Non-profit organization, DesignBuildBLUFF, has completed a new environmentally sustainable home, The Nakai House, designed and constructed by eight students as part of the one-year program of the organization. All the eight students hail from the University of Colorado in Denver, U.S.
DesignBuildBLUFF has a tradition of building environmentally sustainable homes and this time, has offered students the opportunity to design and construct one for a deserving family in the Navajo Nation reservation in Bluff. The Nakai House, built for poet Lorraine Nakai, began last spring when DesignBuildBLUFF and Navajo Nation decided to select a deserving family wishing for a home with a new sustainable design. Once the final design was selected by the team and Lorraine, the eight students relocated to Bluff, leaving behind the comfort of their university to construct the house.
Although, the project was supervised by the architect and founder of DesignBuildBLUFF, Hank Louis along with other officials of the University of Colorado's College of Architecture and Planning, the major share of the work, such as designing and labor, was done by the students.

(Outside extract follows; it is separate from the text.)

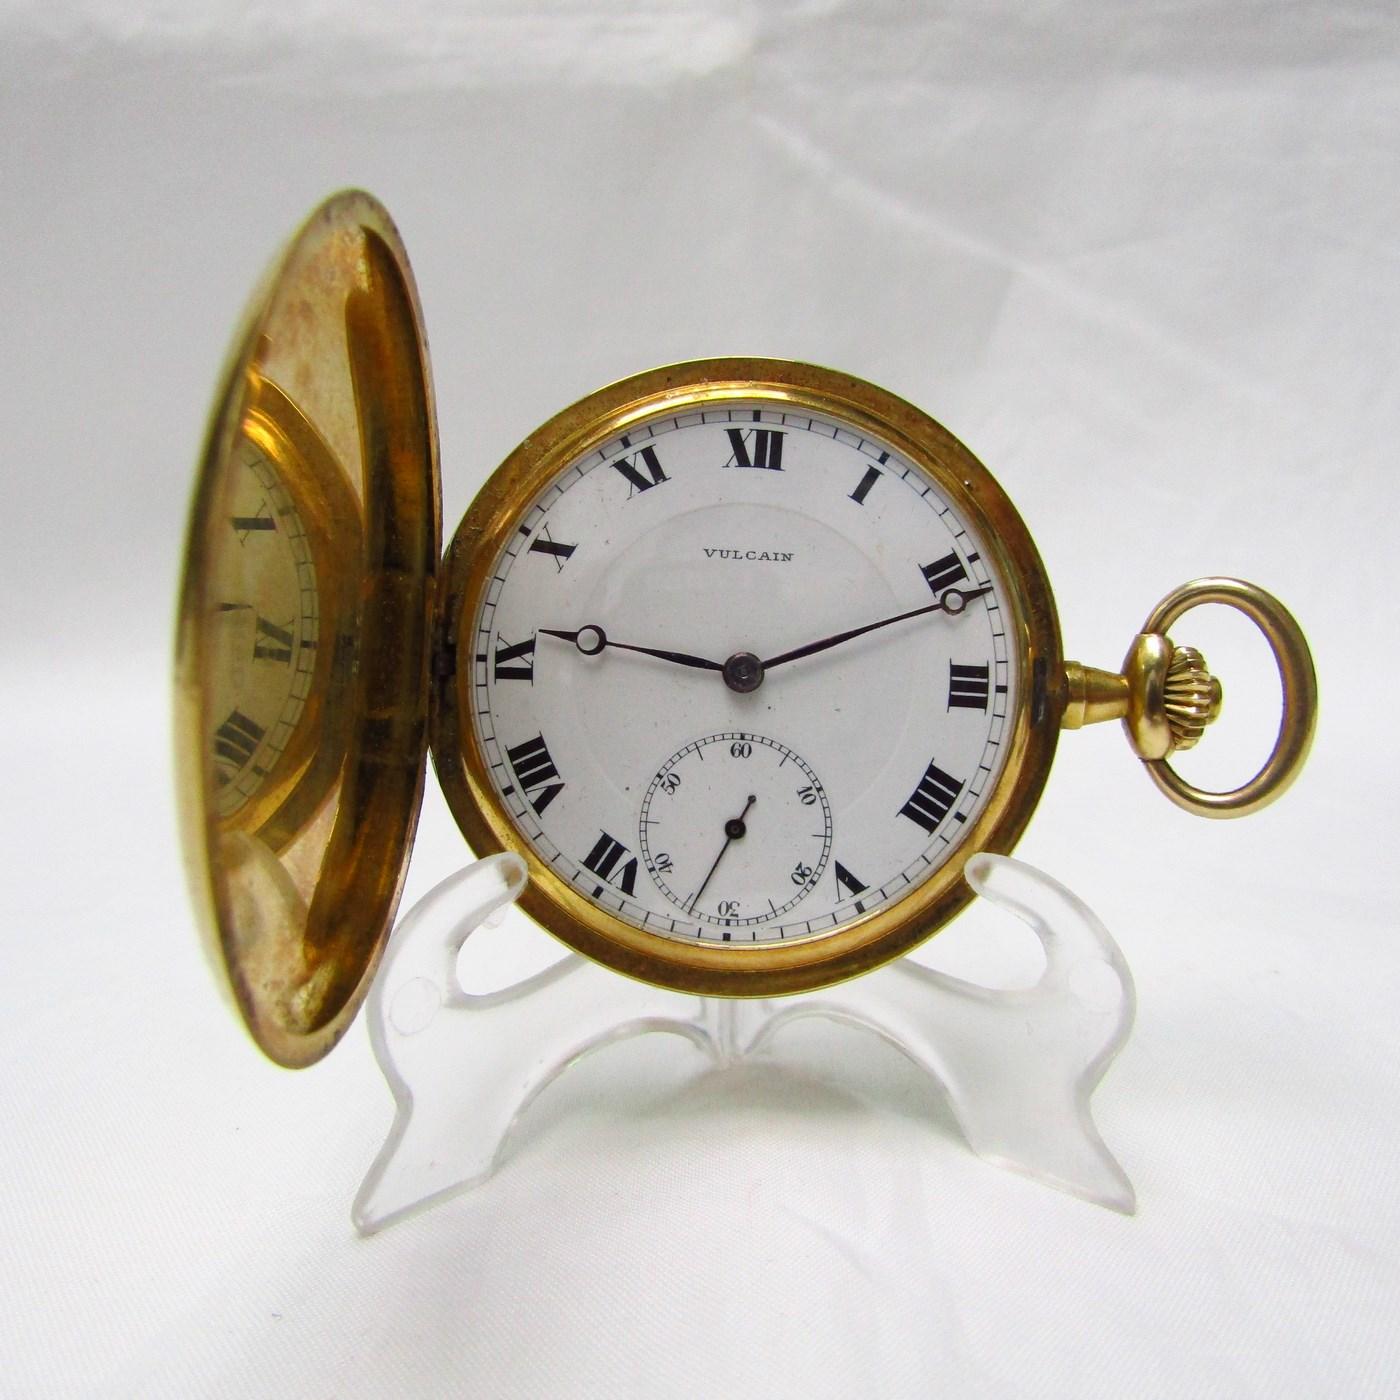 VULCAIN. Reloj de Bolsillo, saboneta y Remontoir. Suiza, ca. 1890.

The Nakai house was ready in five months. It has a parabolic roof that apparently looks like it is moving with the wind with surrounding dunes forming a rainscreen that reflects the desert and is made of reclaimed spandrel glass. The house has a burnt to a charcoal finish. The inside has a large bookshelf that runs through the length of the house, separating the entertaining area from the private living spaces. The house is a mixture of cedar, steel and glass, reflecting the landscape it resides within.